Journey dev "excited" to look into free-to-play and mobile
Jenova Chen on his desire to prove artistic games can be hugely profitable, and why he won't be Kickstarting games anytime soon
ThatGameCompany scored an overwhelming critical success with Journey, but company founder Jenova Chen wants to show he can create an overwhelming financial success as well. Speaking with GamesIndustry International at the DICE Summit last week, Chen talked about his ambitions for the company's next project.
"The current stage of our goal is to create a game that's actually going to make a commercial success, that's actually going to make the publishers or investors say, 'There's a huge market there. We should put money into seriously developing these high quality games,'" Chen said.
Chen's motivation for that goes beyond the obvious. The developer said that as he's traveled to various conferences and schools giving game design talks, he's been approached by aspiring developers who say they've been influenced and inspired by TGC's work. However, their efforts to follow in Chen's footsteps have been met with adversity.
"I think free-to-play is both exciting and also really dangerous."
"They say, 'Wherever we go to find jobs, people always say you need to focus on how to trap the player, keep them playing the game, get them addicted to it, how can you increase the return of investment, make them pay more money,'" Chen said. "And that's not the job they want."
As a result, Chen said he feels some responsibility to help would-be developers looking to create the same kind of personal, emotional experiences he has tried to make. TGC has created artistic games, so these developers know it's possible, but the studio hasn't been able to open doors for people to follow through.
"The money guy hasn't seen any potential," Chen explained. "They are not convinced it's worth the money to put in all this hard work and effort to make something very emotional and artistic. They don't see the money there."
When asked if that meant TGC was going to enter the mobile and free-to-play market that seems to be drawing the bulk of investor interest these days, Chen hesitated to confirm anything.
"This is definitely where the money is flowing," Chen said. "I think free-to-play is both exciting and also really dangerous. So we're still testing out what will go there. How are you going to make people feel emotion when they're constantly on guard that you're manipulating them to make money? That's something I'm excited to look into, but I can't commit and say it's definitely going to be free or definitely going to be mobile."
"[M]ost of the people who played our games are teenagers and college students. How much money are they going to have to donate?"
Jenova Chen, on Kickstarting a game
Chen was more certain about Kickstarter, saying he wasn't considering crowdfunding his next project. He referenced a quote from David Jaffe in which the Twisted Metal designer likened Kickstarter to a "dick measuring contest" for game developers, an awkward situation Chen said he wanted to avoid.
"The other thing is I think most of the very successful Kickstarters are by veteran celebrity developers who made these games people in their 30s and 40s used to love," Chen said. "They're the people who have loads of money to donate. And I'm thinking that most of the people who played our games are teenagers and college students. How much money are they going to have to donate? So I think it's not my time yet."
Finally, Chen weighed in on the next-generation of consoles, whether the new efforts from Sony and Microsoft or upstart competitors like Ouya, GameStick, or the Steam Boxes.

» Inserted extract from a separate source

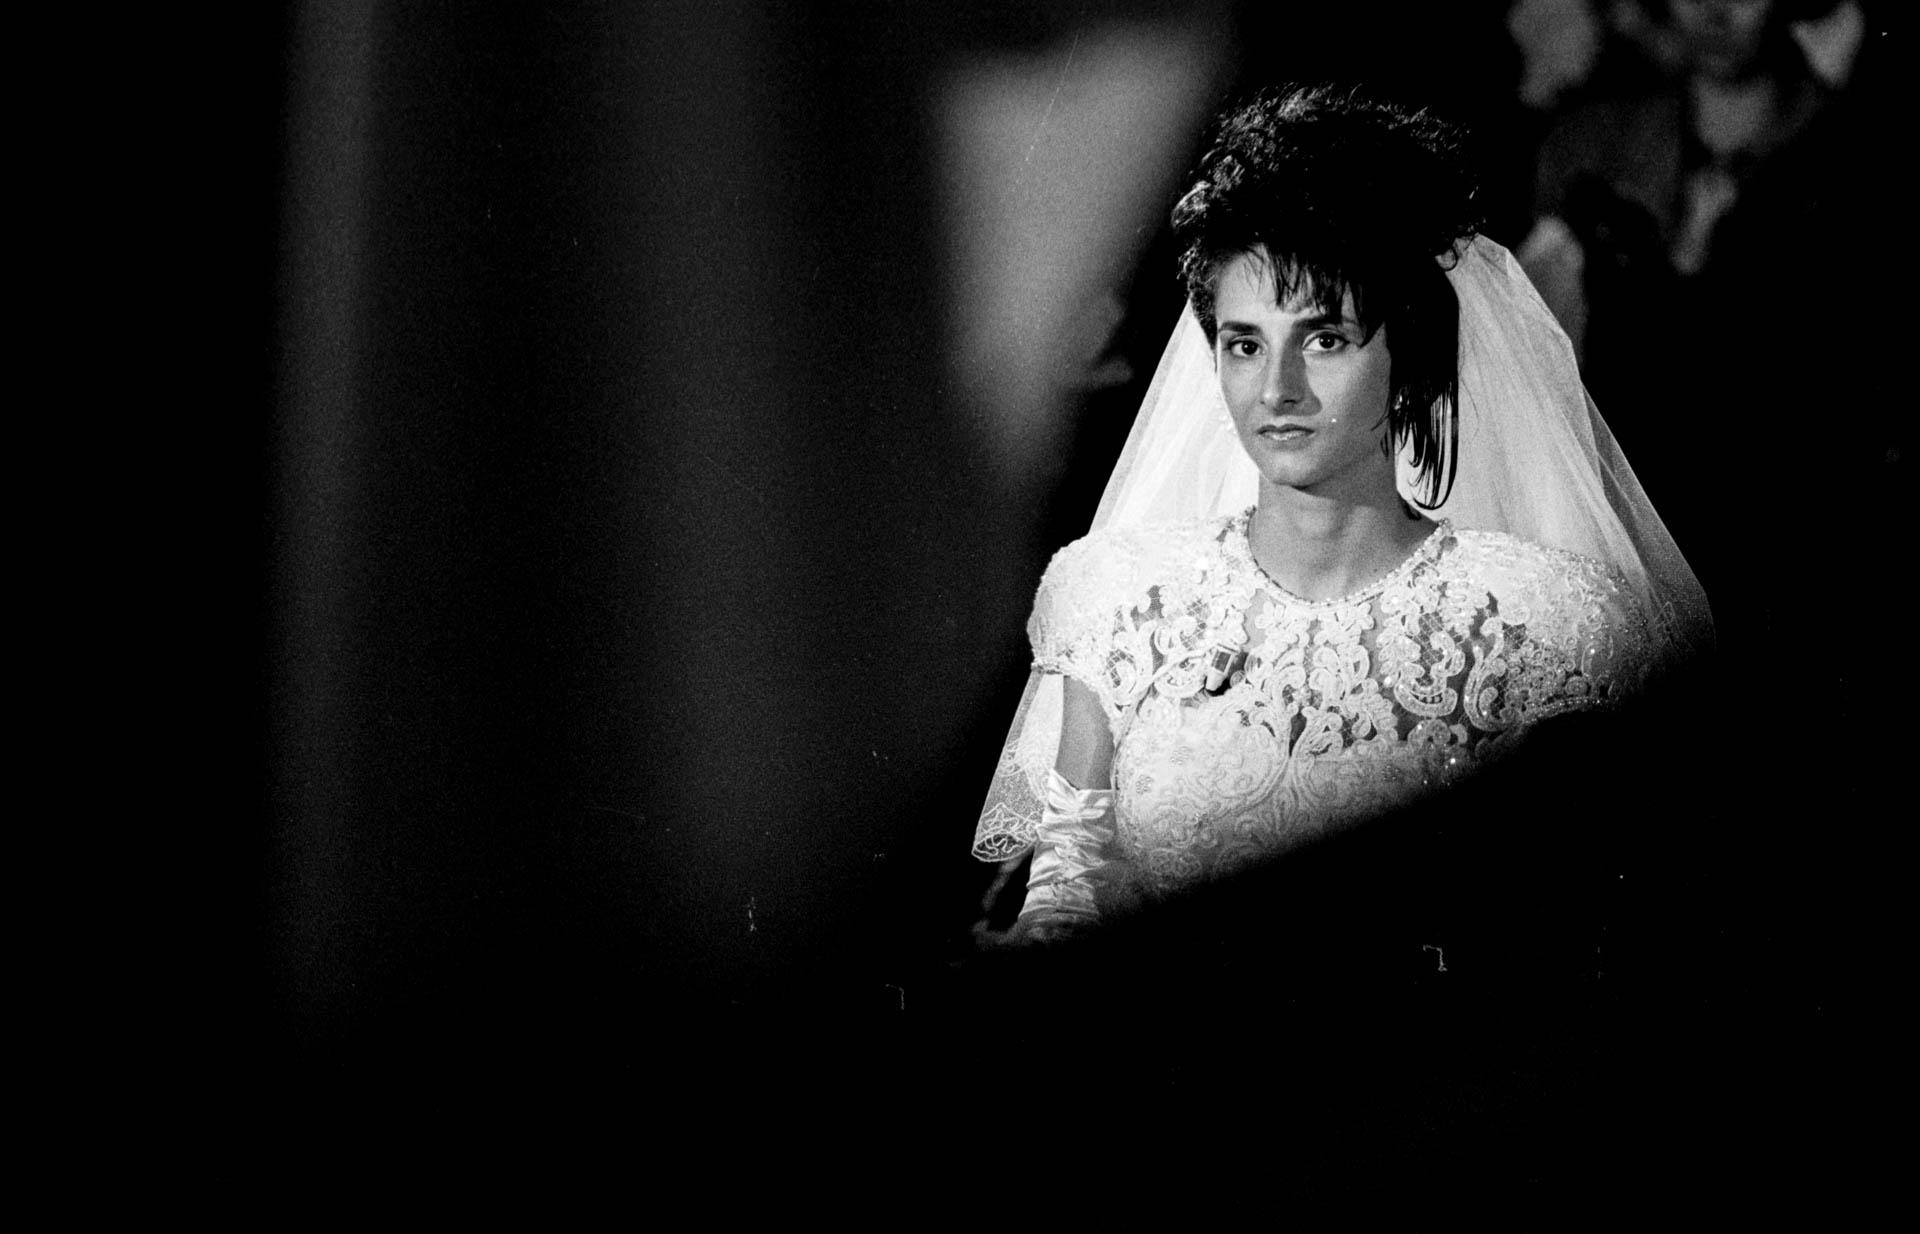 Matera, Italy - 19 October 1991 Italian Wedding.
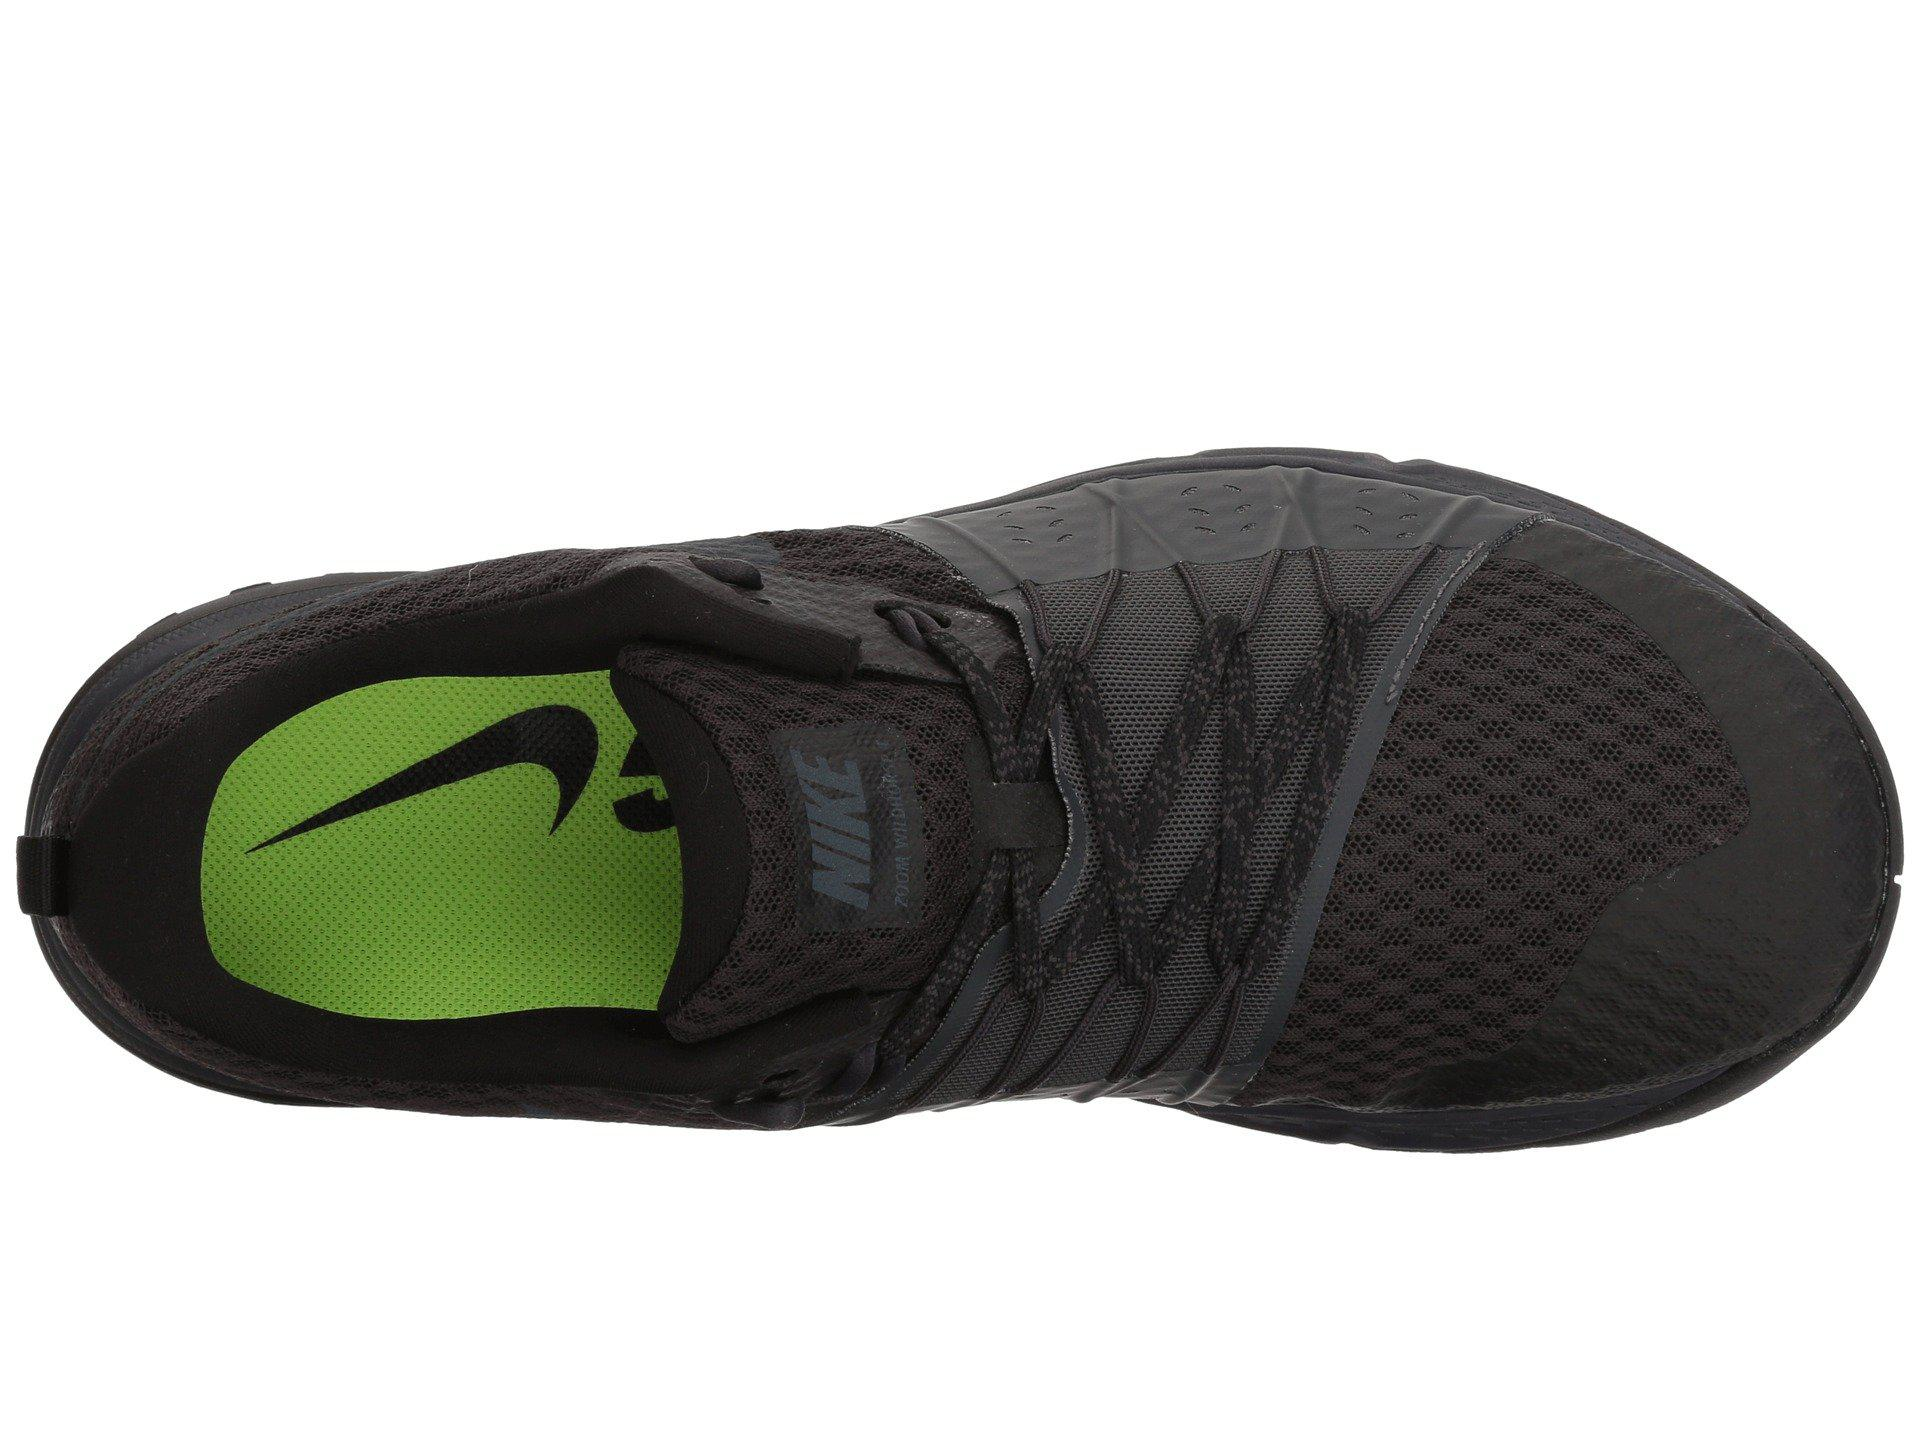 50bf2d66eb0 Lyst - Nike Air Zoom Wildhorse 4 (black anthracite anthracite) Men s ...

"I like chaos," Chen said. "Quoting Joker, 'Chaos is fair.' In consoles, it's very difficult to create a fair competition at this point, but with all these new consoles coming out, it's very exciting. I'm sure we're going to get the best out of them. I don't think they all will survive, but the best will. And we will have a cheaper console out there that's going to be indie-friendly [with] digital distribution."
As for the more entrenched console warriors, Chen's enthusiasm seemed a bit muted.
"I don't know what's going to surprise me," Chen said. "It seems like it will be the high-end console with a better graphics card and stronger computing power. But I don't think there will be anything that's going to be revolutionary like the Wii, for example."